--- Data for processing ---
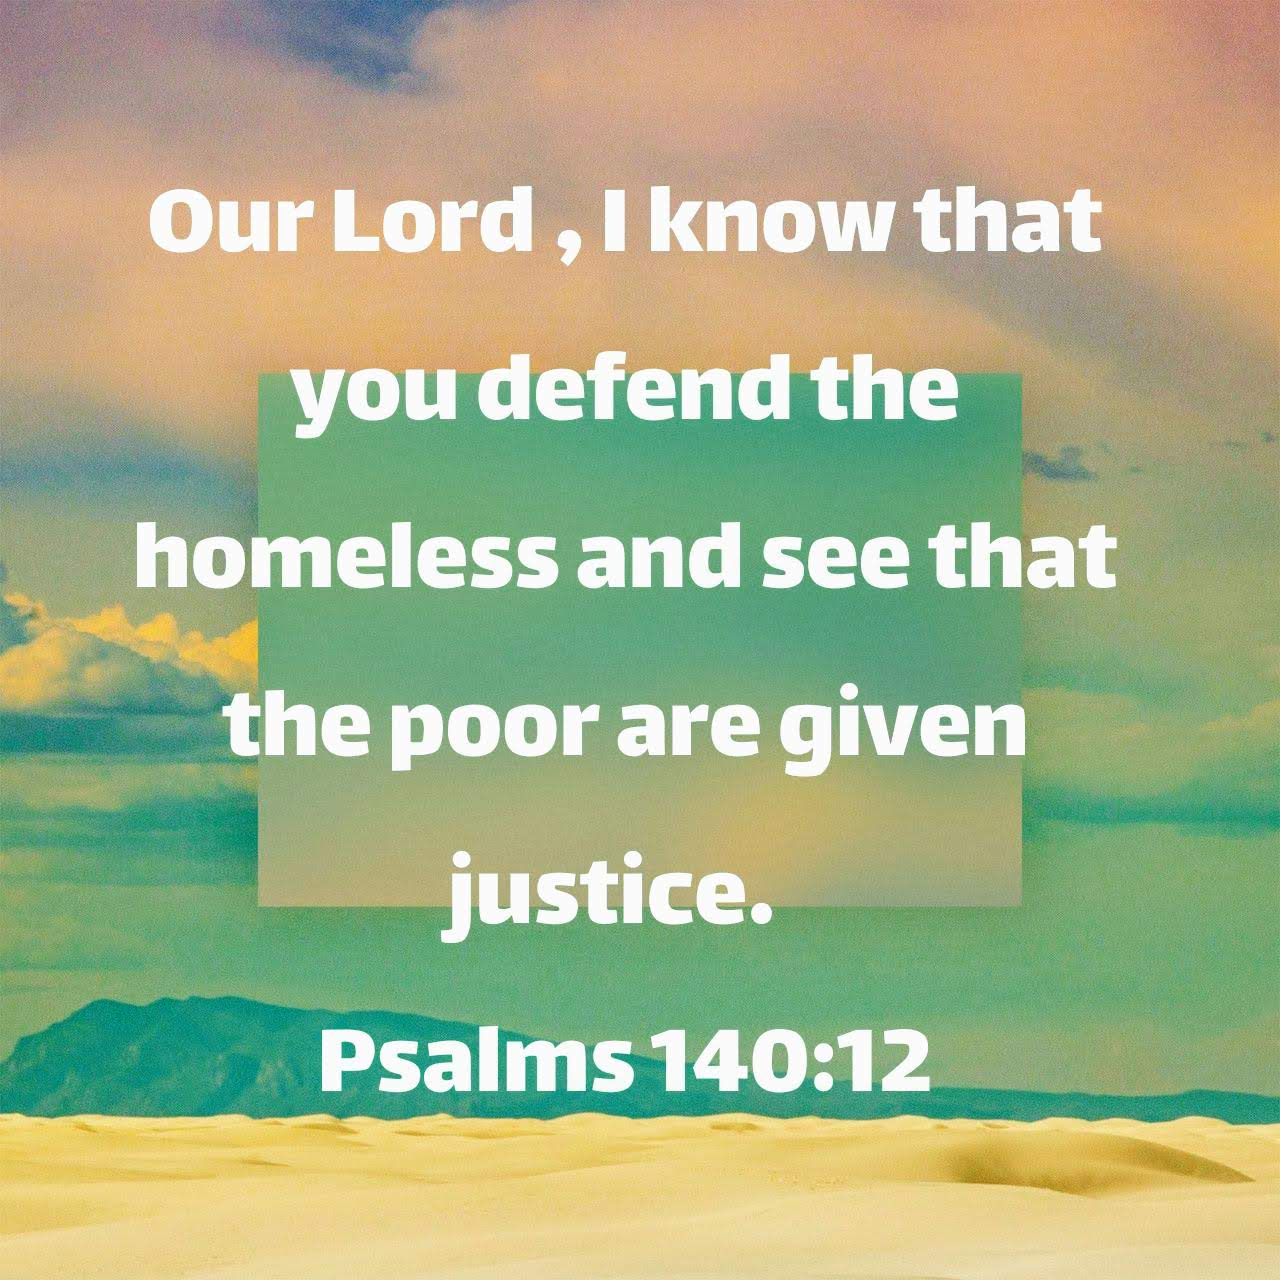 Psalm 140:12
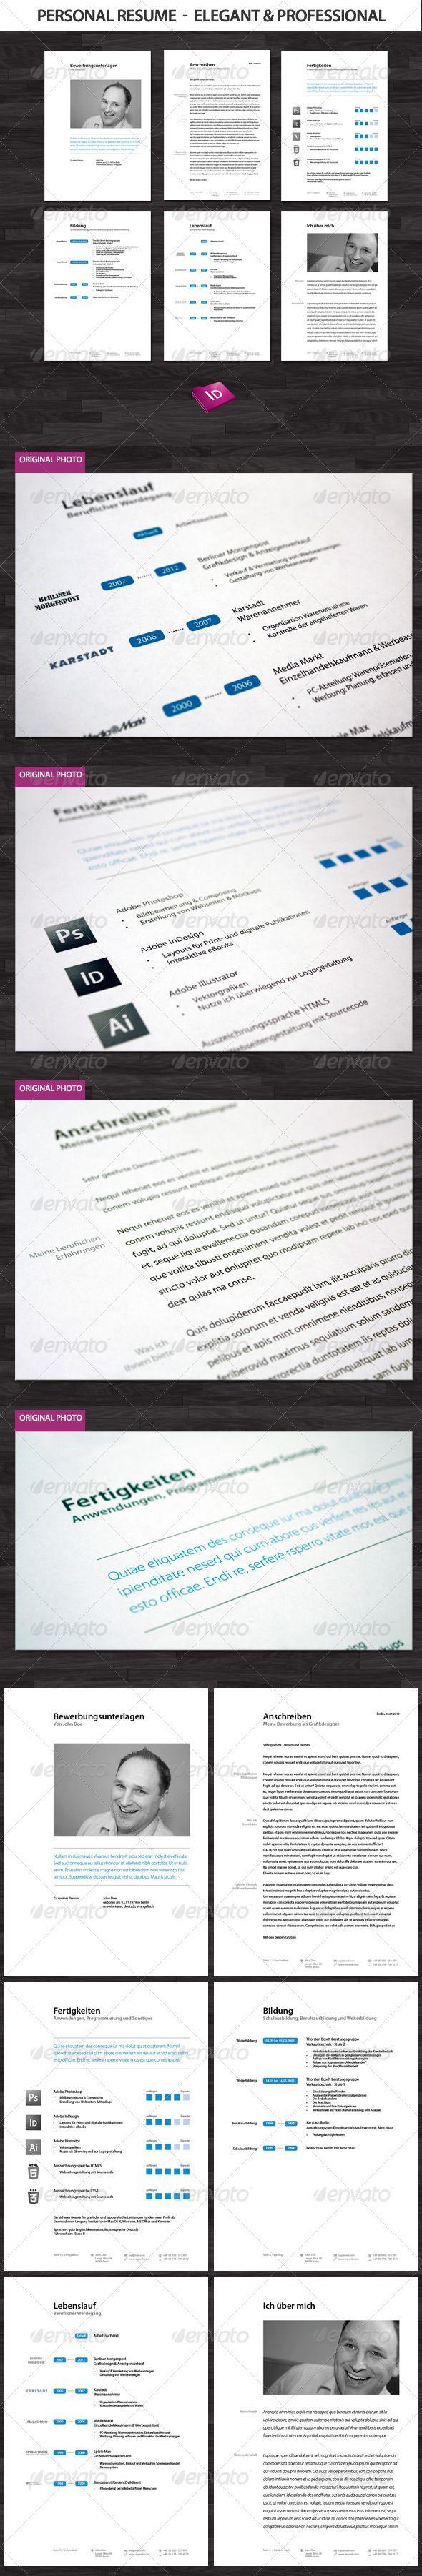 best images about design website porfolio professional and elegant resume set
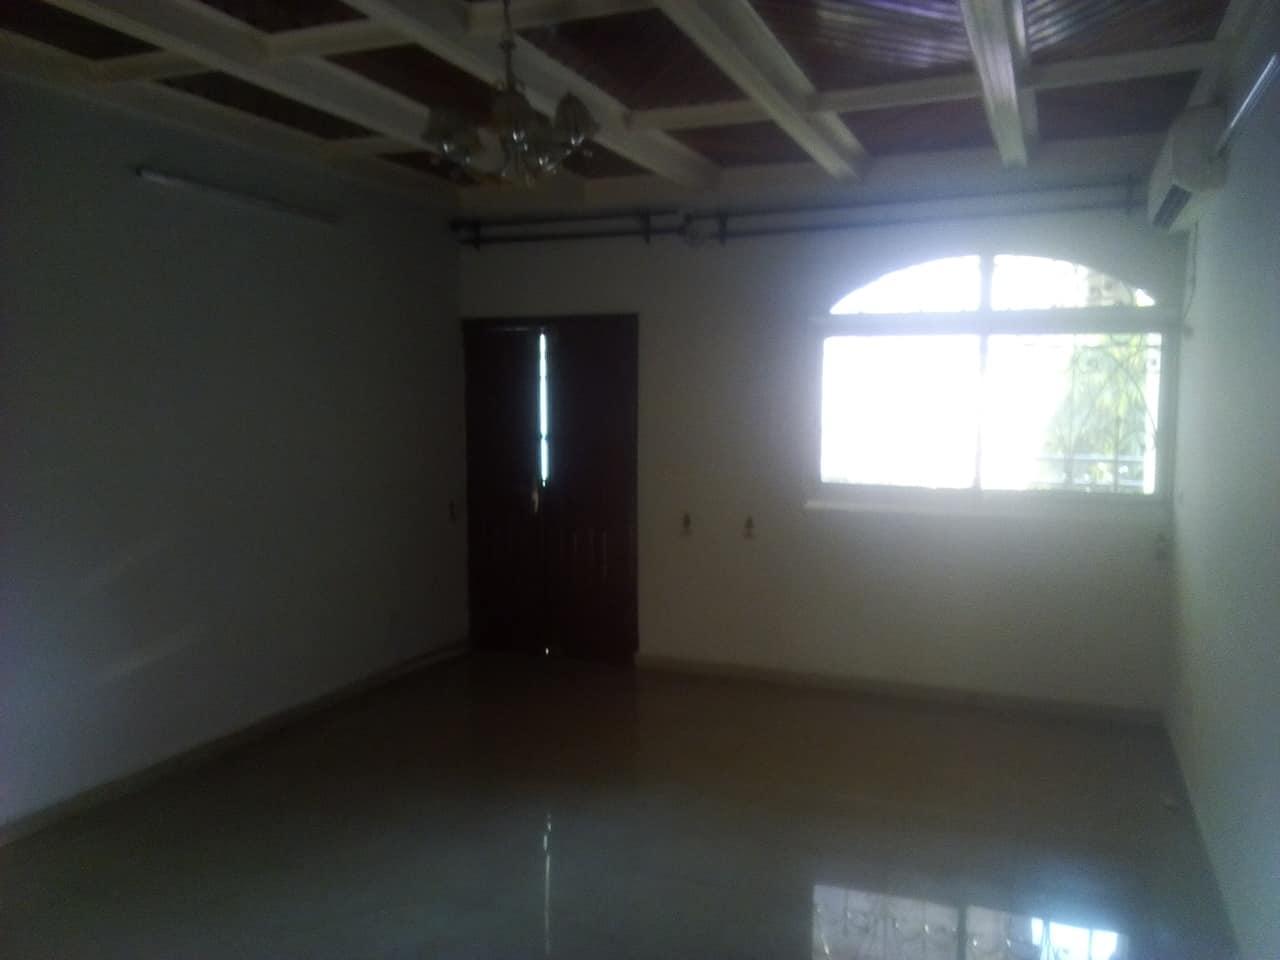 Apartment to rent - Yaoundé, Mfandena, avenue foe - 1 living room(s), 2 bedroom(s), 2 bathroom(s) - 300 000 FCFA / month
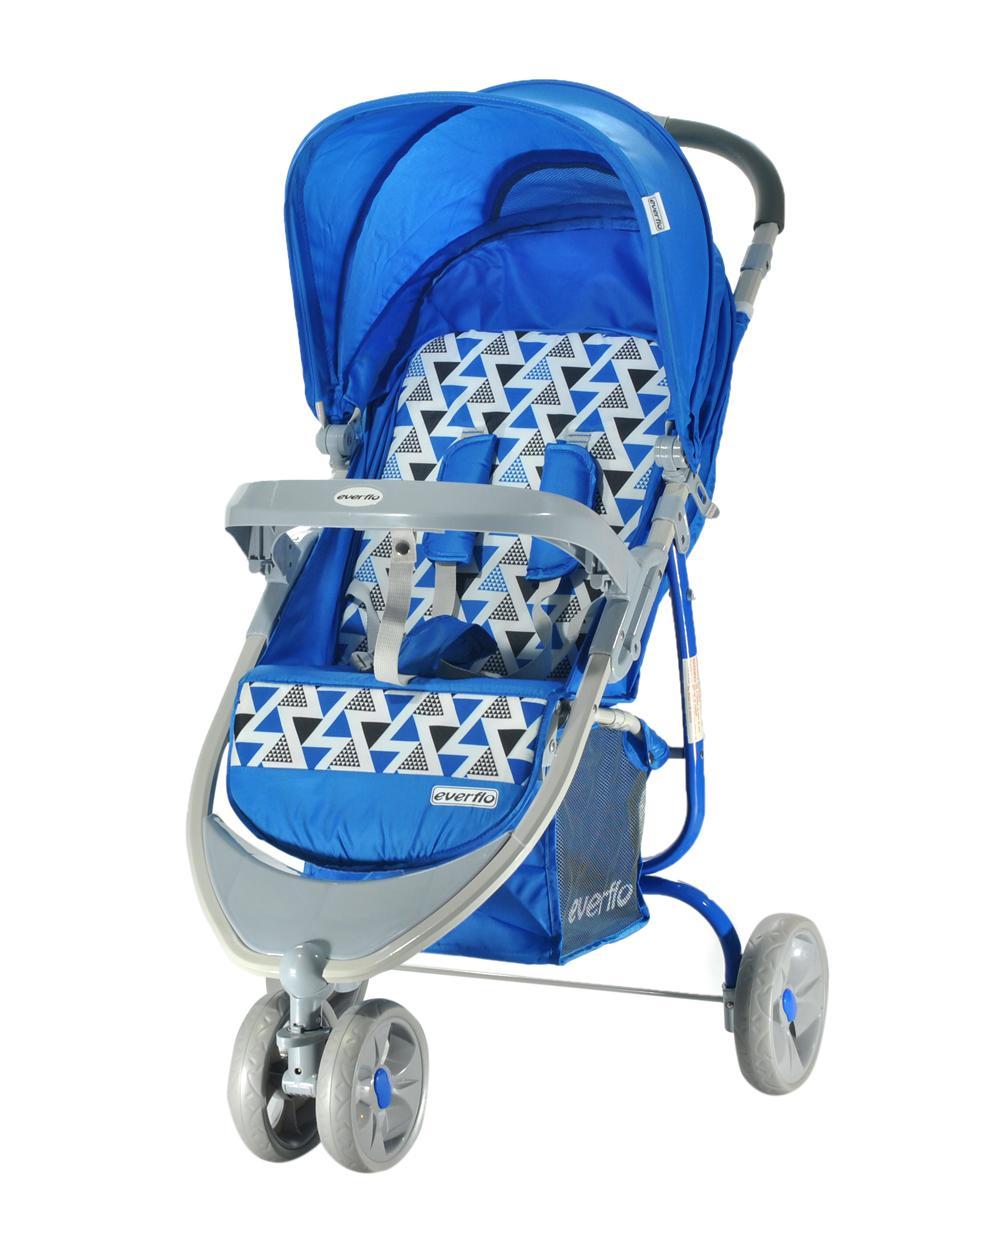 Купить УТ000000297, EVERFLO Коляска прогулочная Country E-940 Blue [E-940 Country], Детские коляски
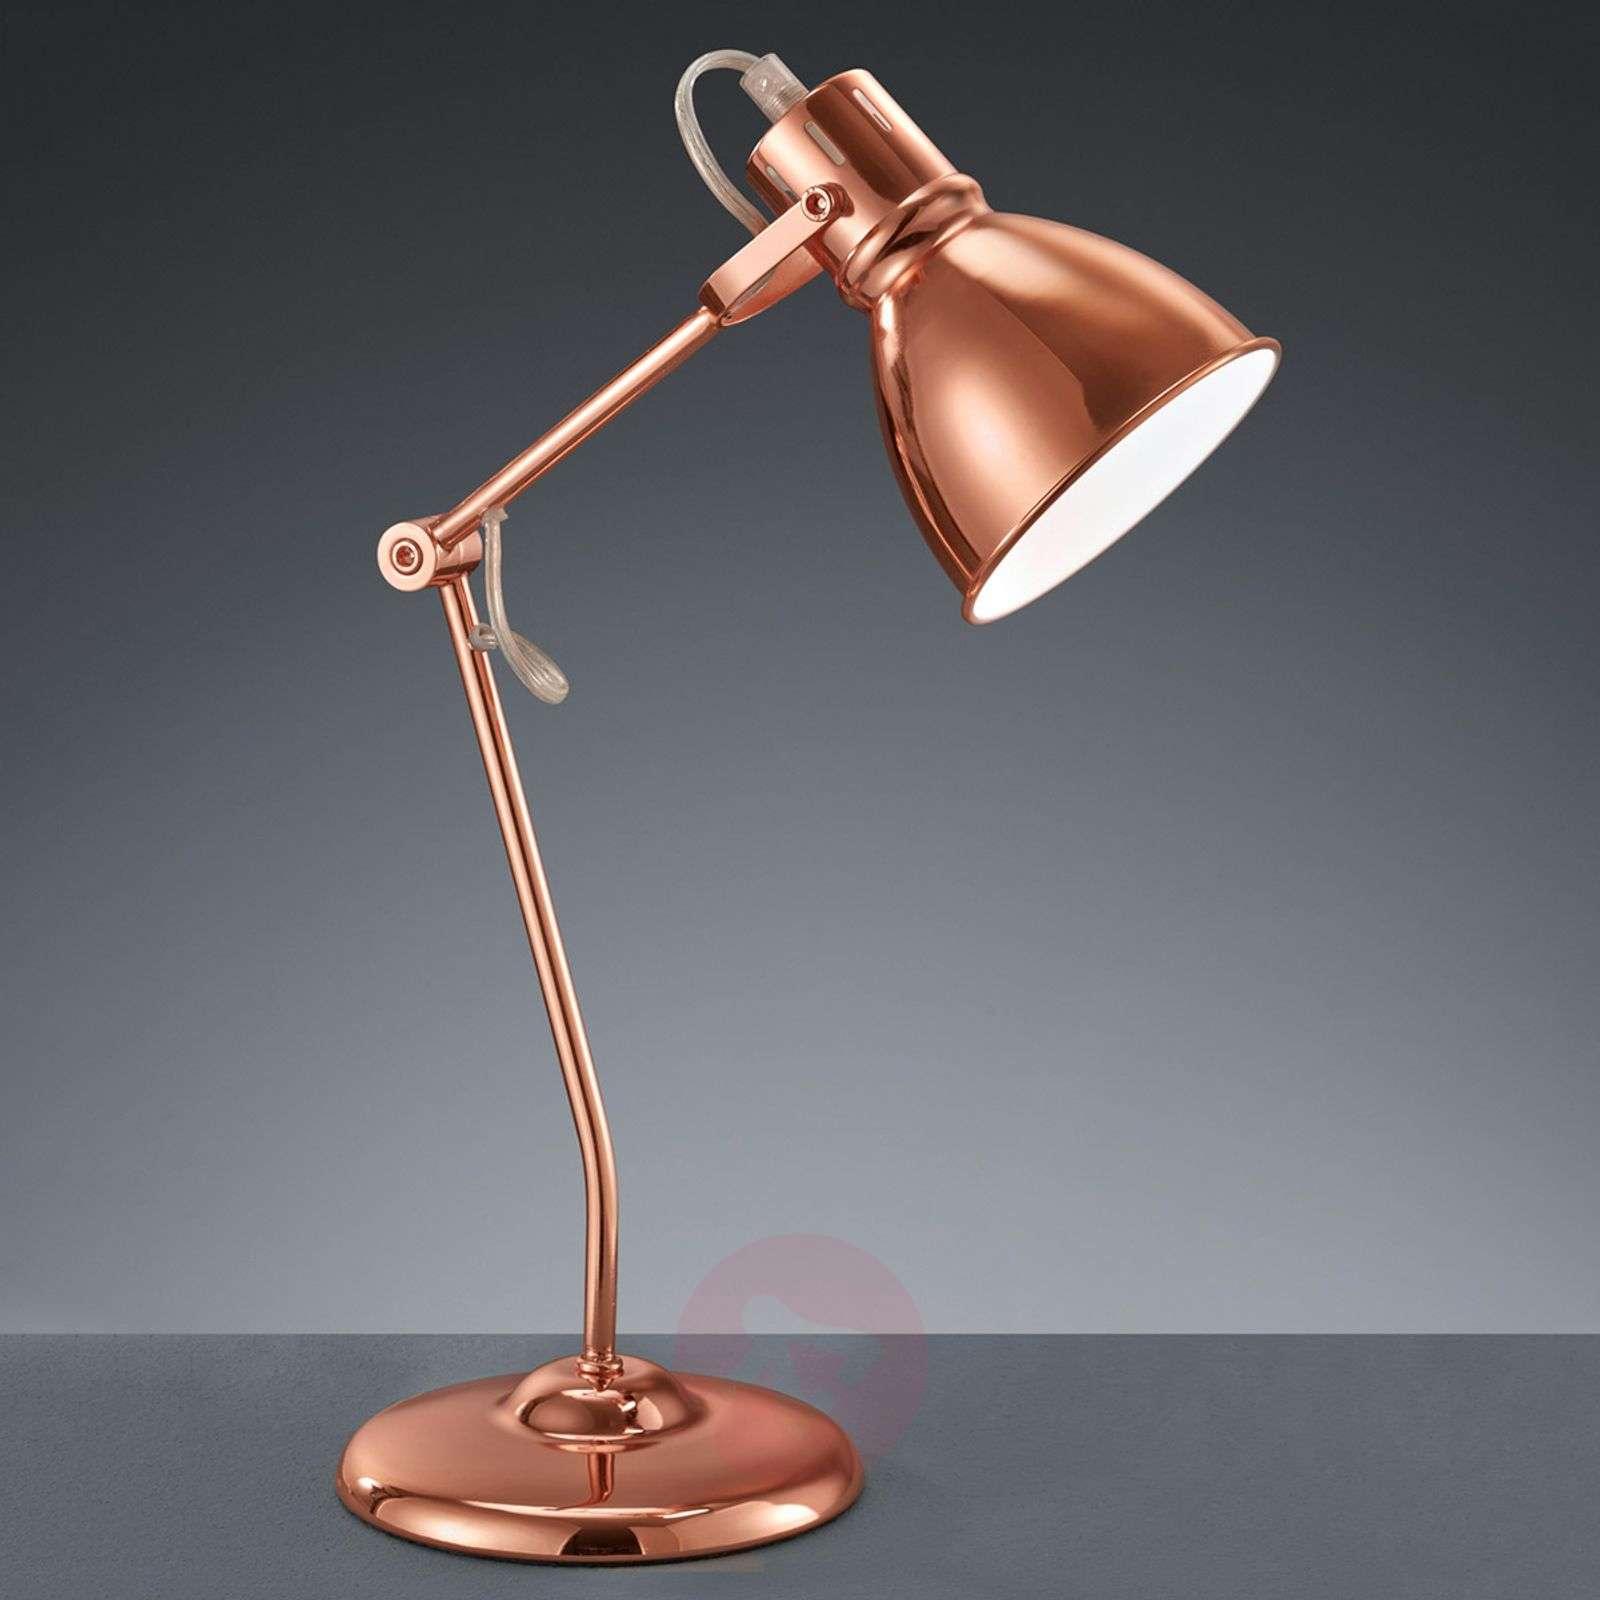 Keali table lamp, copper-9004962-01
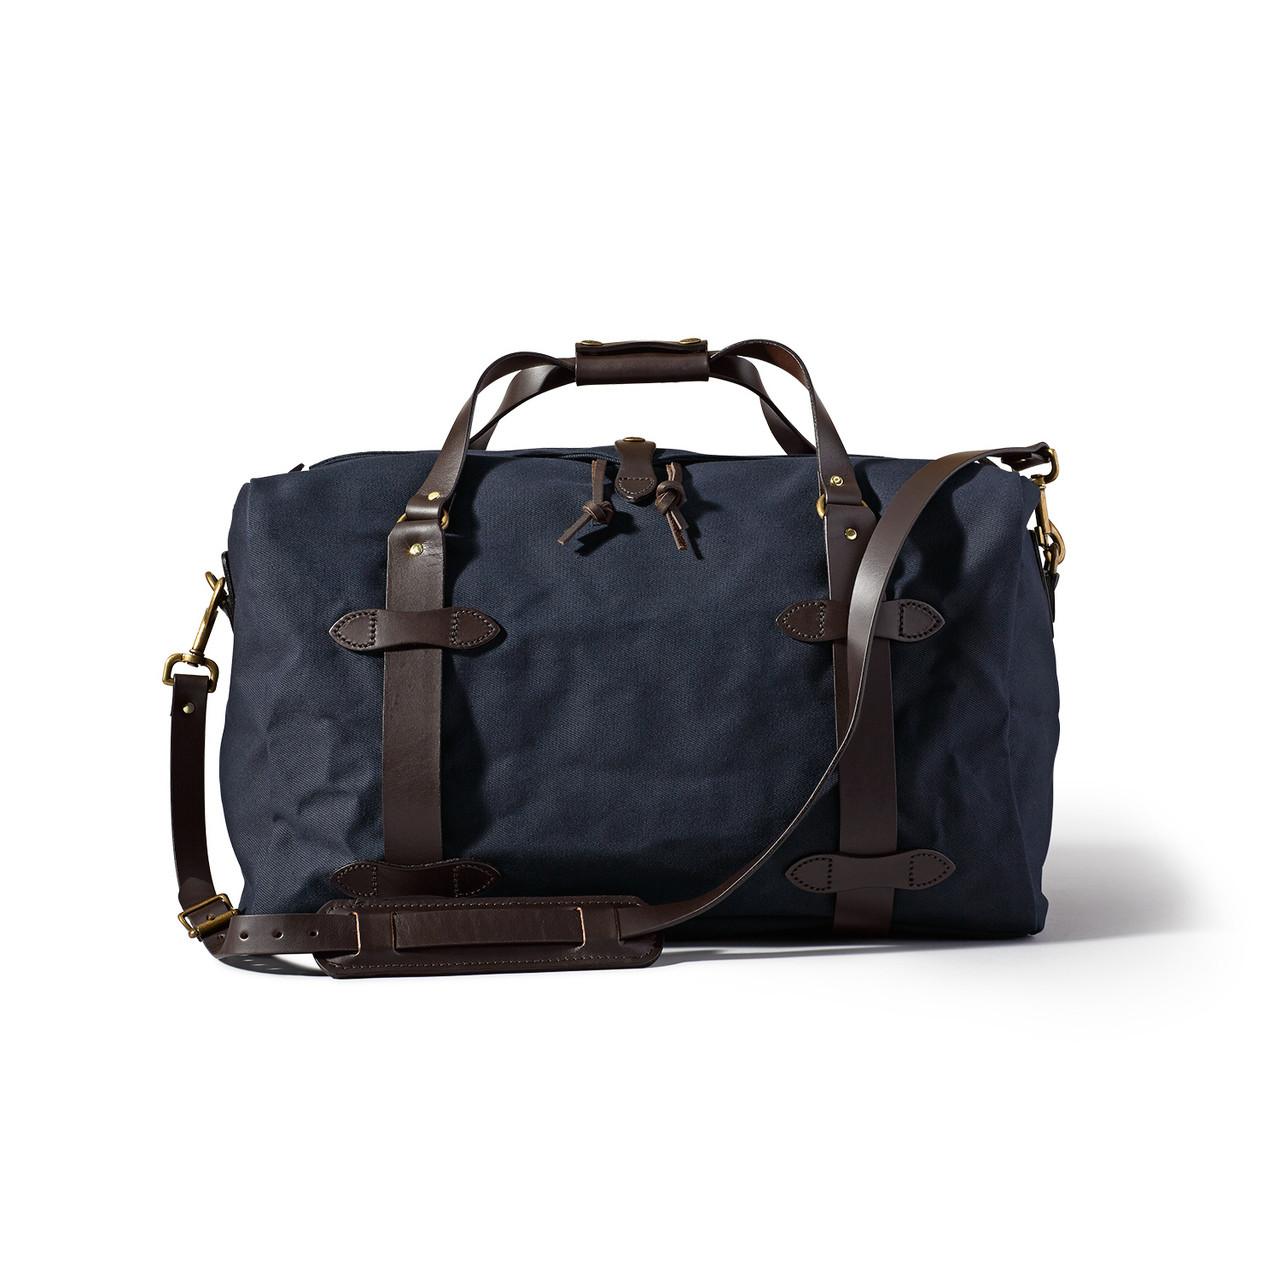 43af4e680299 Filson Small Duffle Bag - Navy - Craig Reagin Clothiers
---
§ What you are asked to do
Repeat exactly the lines from the start of the entries down to the line with "Apartment to rent", keeping both ends but none of the pictures.

§ Finished task
 Psalm 140:12
 best images about design website porfolio professional and elegant resume set
 Apartment to rent - Yaoundé, Mfandena, avenue foe - 1 living room(s), 2 bedroom(s), 2 bathroom(s) - 300 000 FCFA / month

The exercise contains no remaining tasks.